In practice pi-ai almost certainly sends an array when prompt caching is active, so this is unlikely to matter today. But a future change or a different code path could send a string, and the silent degradation would be hard to diagnose. A small guard comment (or a dev-mode `log.warn`) would make this explicit:
```suggestion
} else if (typeof system === "string" && system.includes(delimiter)) {
// splitAndCache=true but system is a plain string (no cache_control blocks),
// so we can't split into discrete content blocks — just strip the delimiter.
// This normally doesn't happen when pi-ai has prompt caching enabled.
payloadObj.system = system.replace(delimiter, "\n");
```
How can I resolve this?

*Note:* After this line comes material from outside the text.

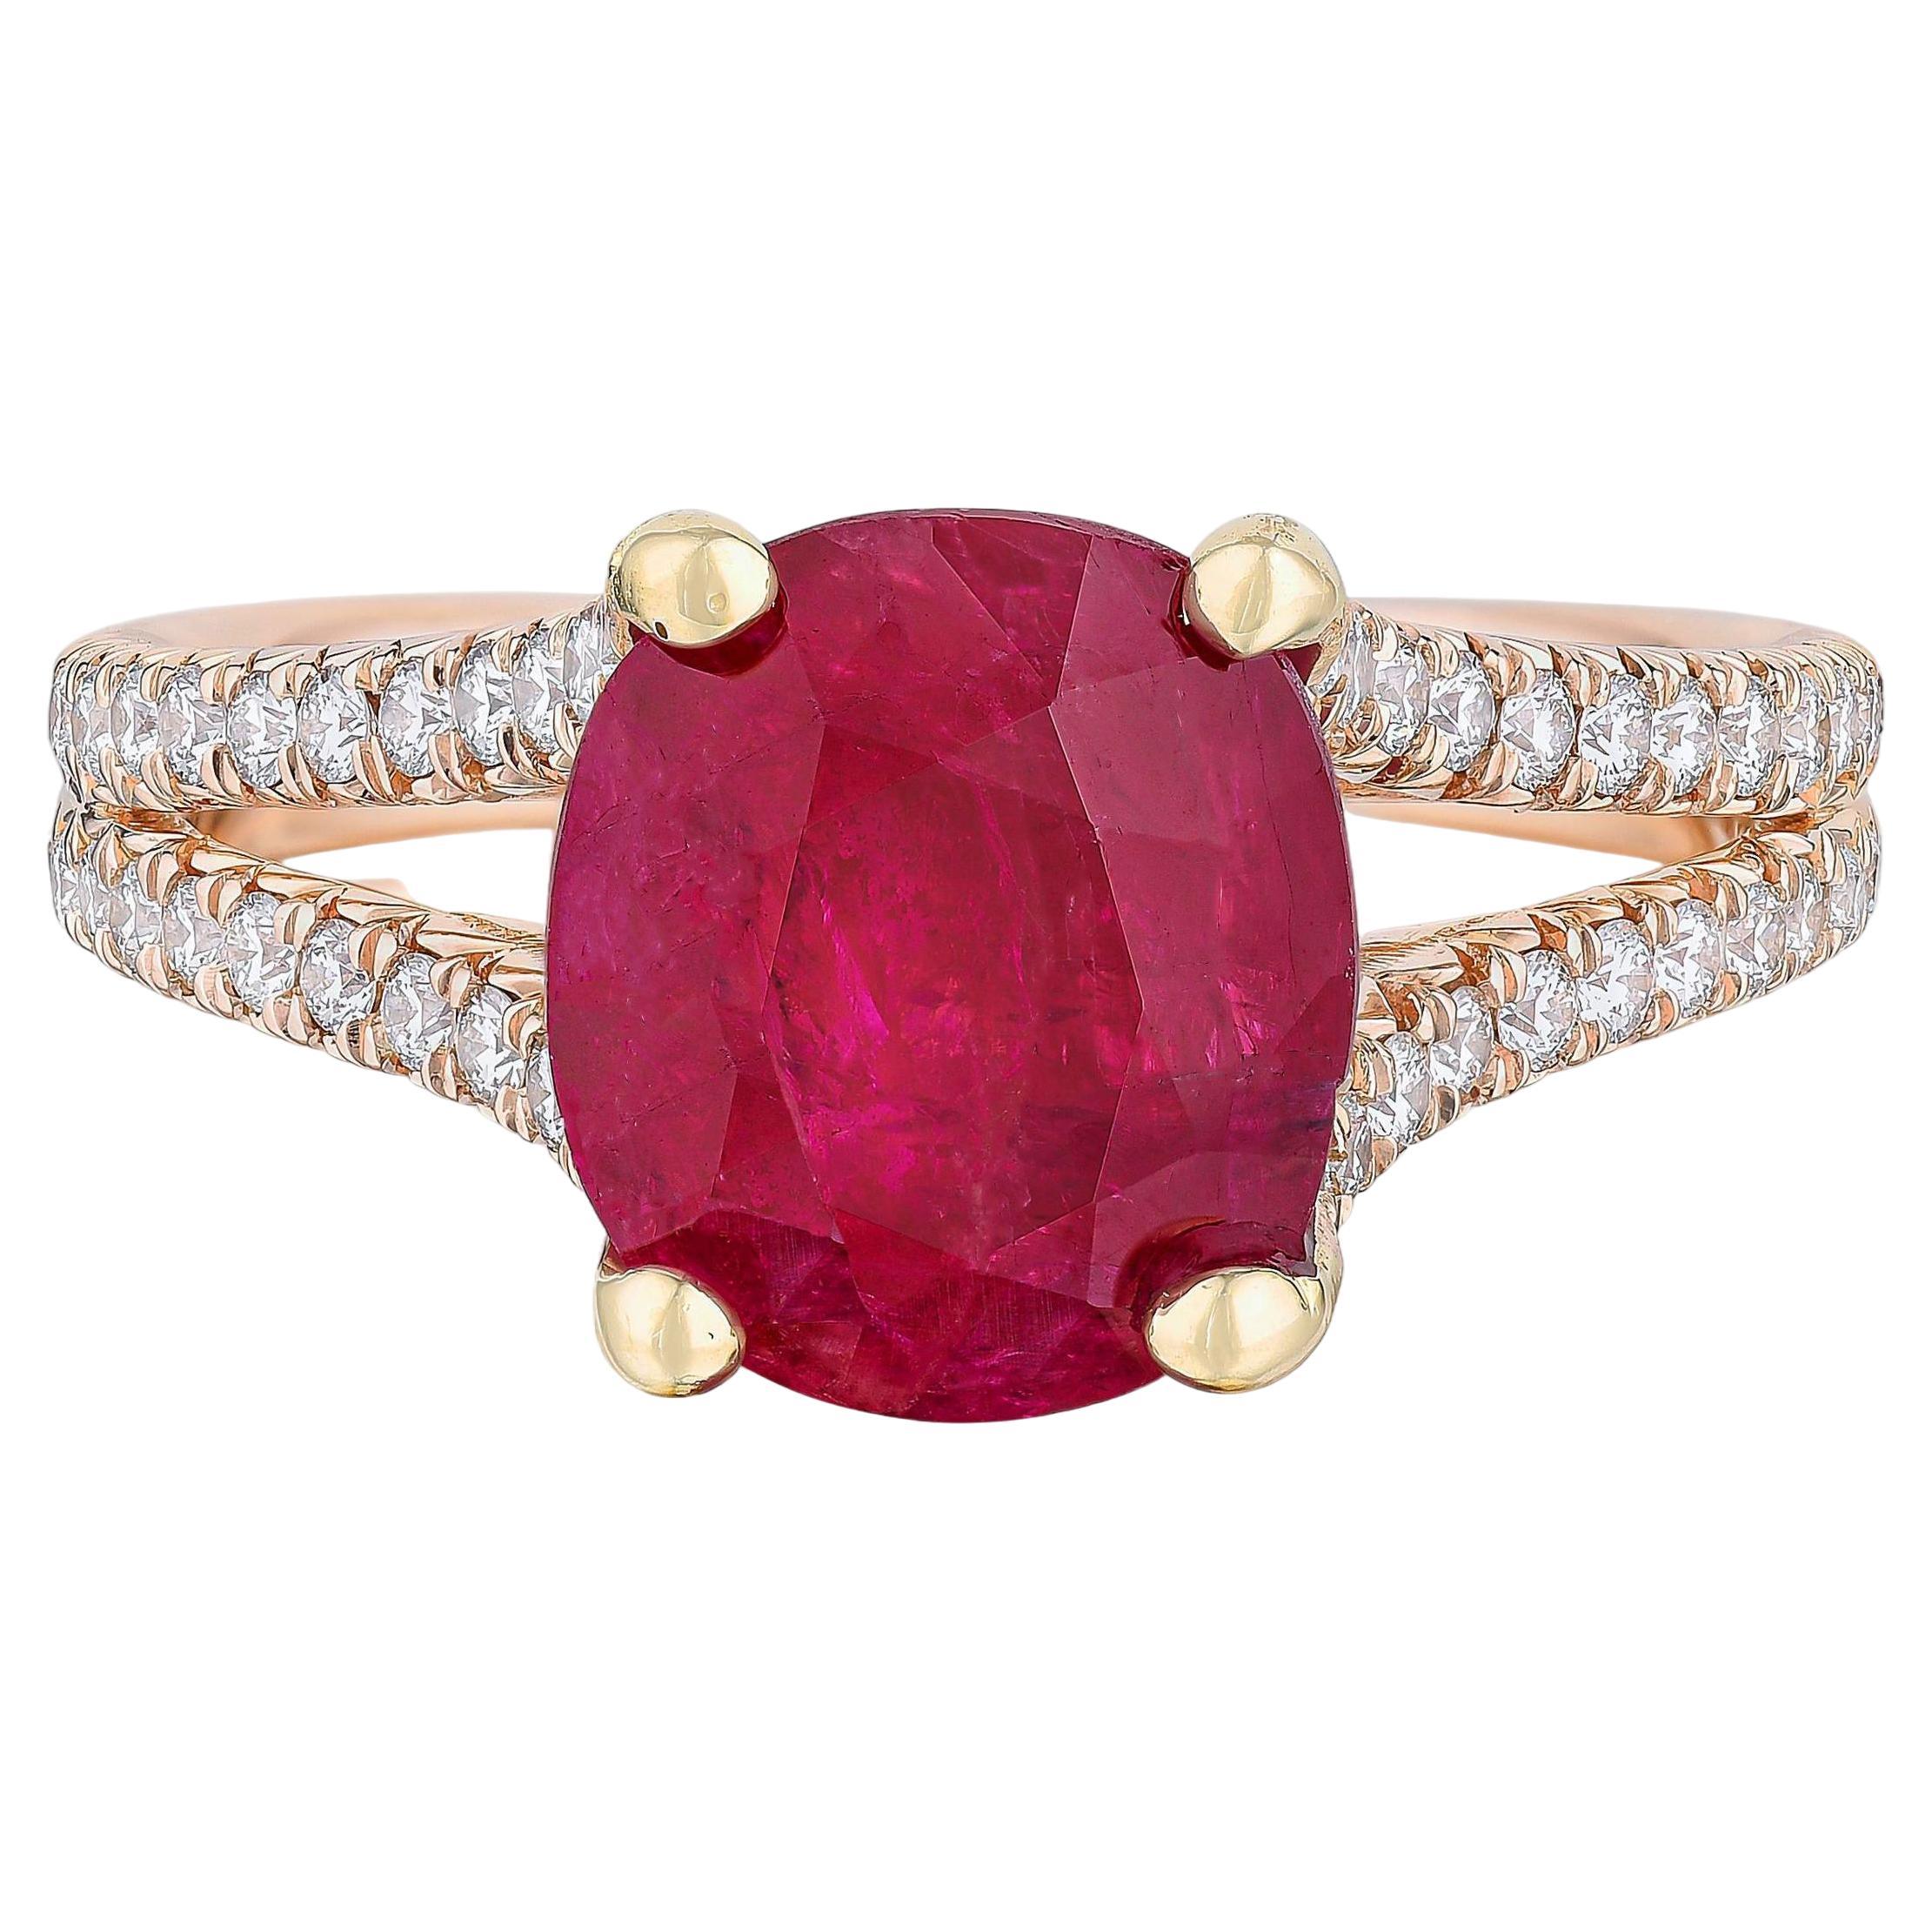 Important Rare GIA Certified 3.68 Carat Natural Burma Unheated Ruby Ring For Sale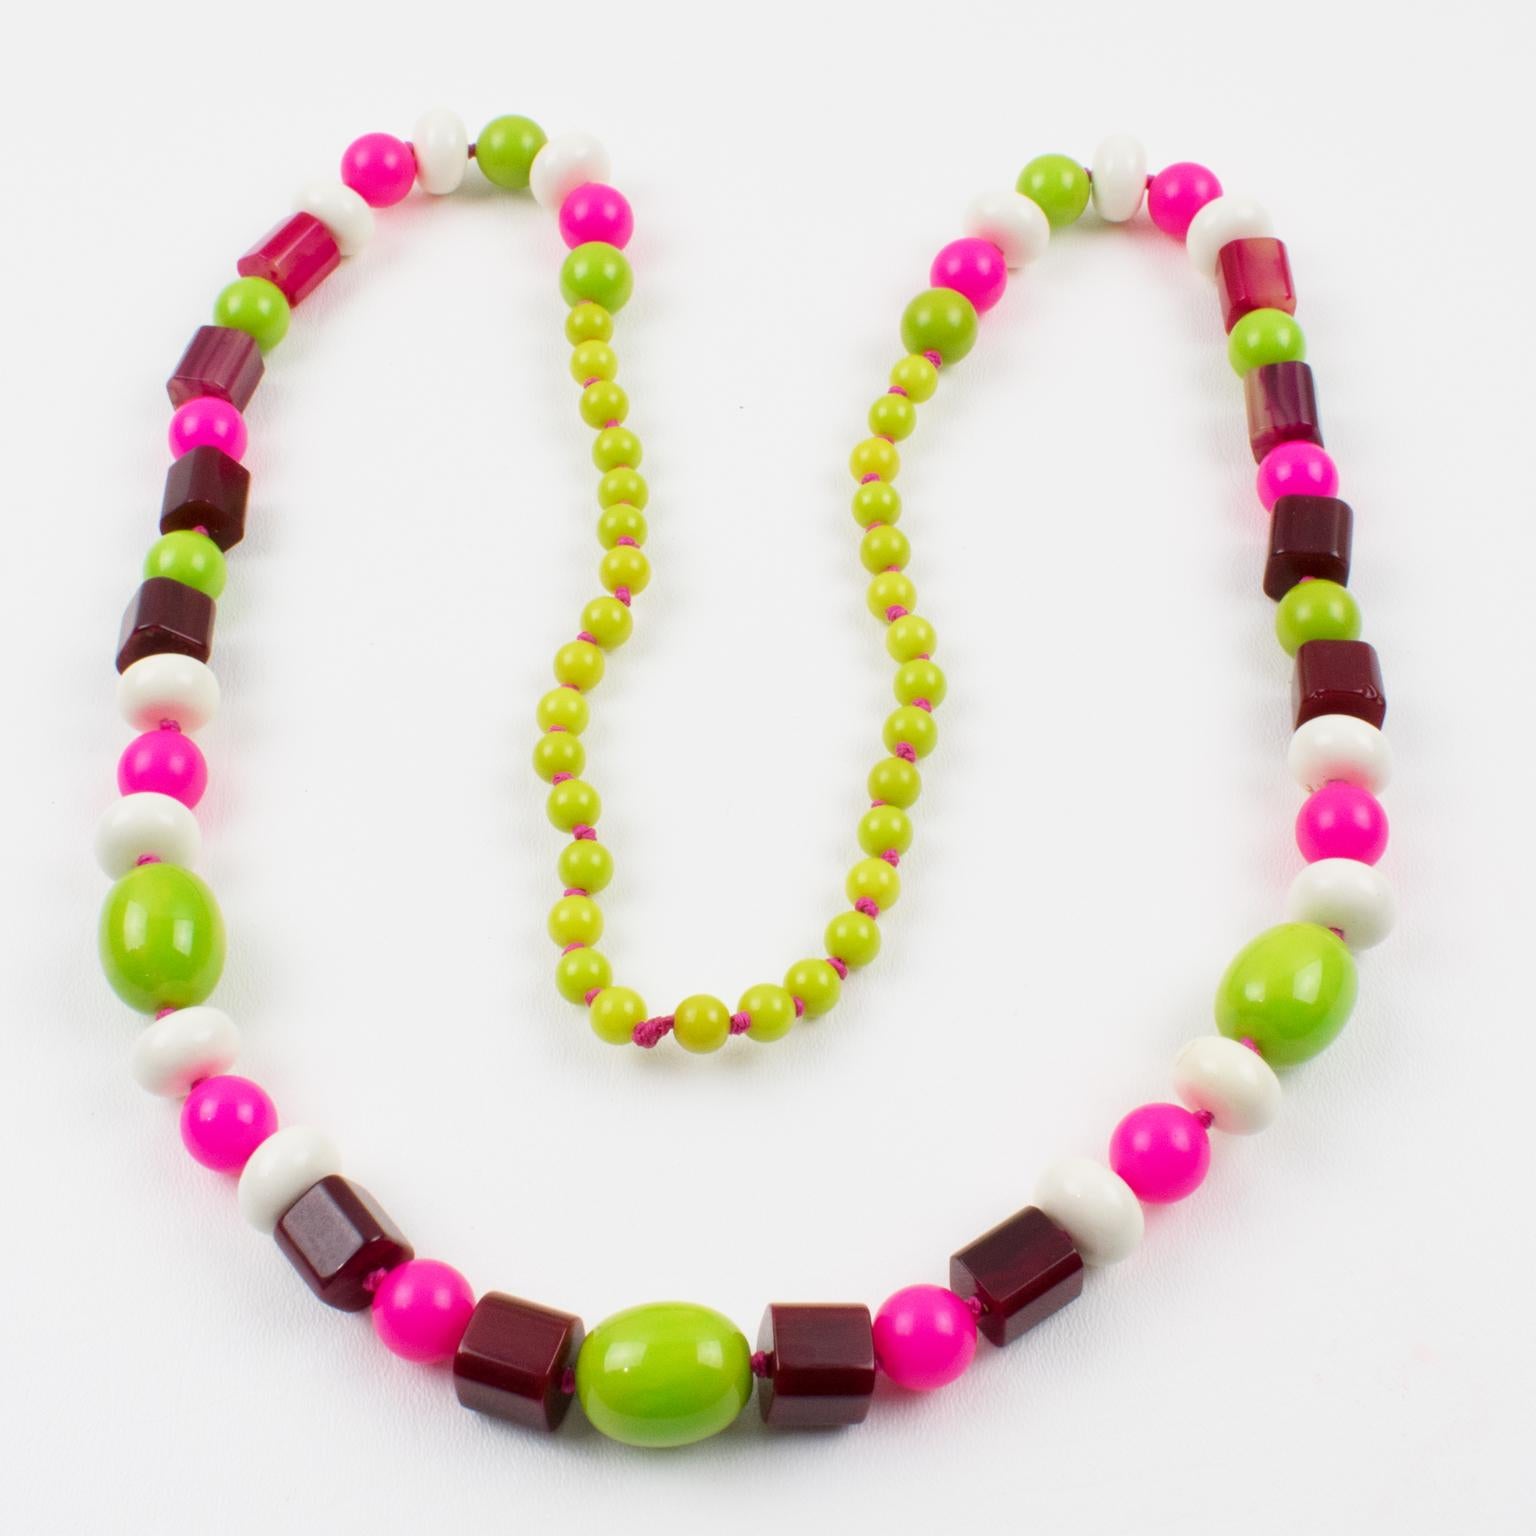 Women's or Men's Bakelite and Lucite Long Necklace White, Hot Pink, Apple Green Beads For Sale

If you propose a fix, please make it concise.Note: If this suggestion doesn't match your team's coding style, reply to this and let me know. I'll remember it for next time!
|
Superseded by #59054. I refreshed this fix on top of current main, kept the Anthropic/Bedrock-only scope, added the changelog entry, and revalidated the touched surface (pnpm test -- src/agents/pi-embedded-runner/system-prompt-cache-boundary.test.ts, pnpm check). Closing this stale branch to keep the merge path single-threaded. |
|
Closed in favor of #59054. |
Summary
Split the monolithic system prompt into two Anthropic API content blocks — a static prefix (cached) and a dynamic suffix (uncached) — so the static prefix stays cached across turns instead of being re-written on every API call.
Problem
buildAgentSystemPrompt()produces a single string containing both static sections (tools, skills, memory, safety rules, project context, heartbeats) and dynamic sections (extraSystemPromptwith per-message group context,## Runtimewith model/capabilities). Anthropic's prompt cache is prefix-based: any byte change invalidates everything after it.Measured on a real multi-tenant deployment (33 agents, 930 calls today):
Fix
Three files, 110 lines added, 0 removed:
src/agents/system-prompt.ts: ExportSYSTEM_PROMPT_CACHE_BOUNDARYdelimiter constant. Insert it right beforeextraSystemPrompt— after all static per-session sections (tools, skills, memory, safety, project context, heartbeats, silent replies).src/agents/pi-embedded-runner/anthropic-stream-wrappers.ts: AddcreateAnthropicSystemPromptCacheSplitWrapper(baseStreamFn, delimiter, splitAndCache):splitAndCache=true: splits system content at the delimiter into two blocks — static prefix keepscache_controlfrom pi-ai, dynamic suffix gets none.splitAndCache=false: strips the delimiter from the prompt so it never leaks to the model.src/agents/pi-embedded-runner/extra-params.ts: Always apply the wrapper (to strip the delimiter), withsplitAndCache=trueonly whenresolveCacheRetention()returns a truthy non-"none"value AND the provider isanthropicor Bedrock Anthropic.Design decisions
<!-- OPENCLAW_CACHE_BOUNDARY -->): Invisible to models, no interface change tobuildAgentSystemPrompt's return type. Follows the sameonPayloadwrapper pattern ascreateOpenRouterSystemCacheWrapper.extraSystemPrompt(not before## Runtime). In group chats,extraSystemPromptcontains per-message sender metadata and group context that changes every turn. Placing the boundary before it keeps tools, skills, memory, project context, and heartbeats in the cached prefix.splitAndCacheflag only controls whether it also splits into separate content blocks with differentialcache_control. This prevents the delimiter from leaking to the model on any provider or cache configuration.resolveCacheRetention()returning a truthy non-"none"value. Sessions that opted out of caching viacacheRetention: "none"get strip-only behavior — no silent cache writes introduced.isAnthropicBedrockModel(modelId)(notprovider) to correctly detect Bedrock Anthropic models, matching the existing usage pattern at line 299.Scope
Security impact
None — no new permissions, secrets, network calls, or execution surface changes.
Test plan
cacheReaddominates after first turnextraSystemPrompt— verify static prefix stays cached/modelswitch mid-session — verify only dynamic block re-cachescacheRetention: "none"— verify delimiter stripped, no cache writescreateOpenRouterSystemCacheWrapperunaffectedpromptMode: "minimal") — verify wrapper is no-op when delimiter absentRelated
message_id— merged)AI-assisted
Developed with Claude Code. Cache analysis performed on real production data from a 33-tenant OpenClaw deployment.